GameStop burned through $18.7 million of cash in Q4, representing a negative 1% free cash flow margin. The company shifted to cash flow negative from cash flow positive in the same quarter last year, which happened for several reasons including (but not limited to) the stockpiling of inventory in anticipation of higher demand or unforeseen, one-time events.

GameStop Free Cash Flow Margin

Over the last two years, GameStop's capital-intensive business model and demanding reinvestment strategy have consumed many company resources. Its free cash flow margin has averaged negative 1.7%, weak for a consumer retail business. Furthermore, its margin has averaged year-on-year declines of 5.4 percentage points. This drop came from higher operational or borrowing costs as it opened fewer stores, common in consumer retail. We've no doubt shareholders would like to see an improvement soon.

Return on Invested Capital (ROIC)

EPS and free cash flow tell us whether a company was profitable while growing revenue. But was it capital-efficient? A company’s ROIC explains this by showing how much operating profit a company makes compared to how much money the business raised (debt and equity).

GameStop's five-year average ROIC was negative 26.7%, meaning management lost money while trying to expand the business. Its returns were among the worst in the consumer retail sector.

The trend in its ROIC, however, is often what surprises the market and drives the stock price. Over the last two years, GameStop's ROIC averaged 3.7 percentage point increases each year. This is a good sign and we hope the company can continue to improving.
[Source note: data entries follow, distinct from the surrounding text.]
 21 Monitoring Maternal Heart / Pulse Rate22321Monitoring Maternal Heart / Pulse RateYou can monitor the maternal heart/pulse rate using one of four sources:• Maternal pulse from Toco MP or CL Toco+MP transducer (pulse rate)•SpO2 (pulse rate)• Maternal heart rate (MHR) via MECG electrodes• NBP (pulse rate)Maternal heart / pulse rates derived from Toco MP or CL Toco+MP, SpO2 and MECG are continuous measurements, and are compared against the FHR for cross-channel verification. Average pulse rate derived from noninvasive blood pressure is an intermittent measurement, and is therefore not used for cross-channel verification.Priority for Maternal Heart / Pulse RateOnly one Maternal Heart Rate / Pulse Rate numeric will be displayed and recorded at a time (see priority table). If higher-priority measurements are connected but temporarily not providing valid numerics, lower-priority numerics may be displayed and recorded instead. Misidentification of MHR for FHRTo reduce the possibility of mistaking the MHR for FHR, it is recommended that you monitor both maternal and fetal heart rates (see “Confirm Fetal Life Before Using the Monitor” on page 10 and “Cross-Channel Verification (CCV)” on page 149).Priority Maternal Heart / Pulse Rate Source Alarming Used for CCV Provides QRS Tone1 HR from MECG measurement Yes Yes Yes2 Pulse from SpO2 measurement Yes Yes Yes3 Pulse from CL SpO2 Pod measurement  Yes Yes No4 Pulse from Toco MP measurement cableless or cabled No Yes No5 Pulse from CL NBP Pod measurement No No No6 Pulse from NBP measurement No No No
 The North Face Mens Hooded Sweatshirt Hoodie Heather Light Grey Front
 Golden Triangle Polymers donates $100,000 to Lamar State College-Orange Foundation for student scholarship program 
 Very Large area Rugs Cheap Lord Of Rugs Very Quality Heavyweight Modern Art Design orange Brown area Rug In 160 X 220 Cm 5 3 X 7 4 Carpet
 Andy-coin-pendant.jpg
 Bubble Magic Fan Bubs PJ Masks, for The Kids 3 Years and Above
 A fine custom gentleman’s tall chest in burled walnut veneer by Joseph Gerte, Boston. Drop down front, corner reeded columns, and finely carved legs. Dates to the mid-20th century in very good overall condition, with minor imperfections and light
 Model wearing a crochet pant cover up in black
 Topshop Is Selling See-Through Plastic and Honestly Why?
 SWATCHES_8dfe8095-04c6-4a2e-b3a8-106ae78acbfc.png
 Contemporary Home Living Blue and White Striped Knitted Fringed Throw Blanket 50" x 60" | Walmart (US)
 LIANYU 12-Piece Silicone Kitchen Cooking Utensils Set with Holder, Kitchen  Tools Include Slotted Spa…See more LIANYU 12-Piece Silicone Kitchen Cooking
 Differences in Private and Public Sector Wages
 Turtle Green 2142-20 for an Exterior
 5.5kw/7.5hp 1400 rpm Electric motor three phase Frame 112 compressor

Key Takeaways from GameStop's Q4 Results

We struggled to find many strong positives in these results. GameStop's revenue unfortunately missed analysts' expectations, driven by significant underperformance in its software segment ($465m of revenue vs estimates of $670m). Because the company's software products have higher profit margins than its hardware products, it missed Wall Street's estimates on nearly every profitability metric. The company also didn't provide any guidance and said it would not host a conference call today to discuss the results, which raises an eyebrow. Overall, this was a bad quarter for GameStop. The company is down 17% and currently trades at $12.89 per share.

Is Now The Time?

GameStop may have had a tough quarter, but investors should also consider its valuation and business qualities when assessing the investment opportunity.

We cheer for all companies serving consumers, but in the case of GameStop, we'll be cheering from the sidelines. Its revenue has declined over the last four years, but at least growth is expected to increase in the short term. And while its projected EPS for the next year implies the company's fundamentals will improve, the downside is its relatively low ROIC suggests it has struggled to grow profits historically. On top of that, its operating margins reveal poor profitability compared to other retailers.

GameStop's price-to-earnings ratio based on the next 12 months is 129.5x. While we've no doubt one can find things to like about GameStop, we think there are better opportunities elsewhere in the market. We don't see many reasons to get involved at the moment.

Wall Street analysts covering the company had a one-year price target of $6 per share right before these results (compared to the current share price of $12.89), implying they didn't see much short-term potential in GameStop.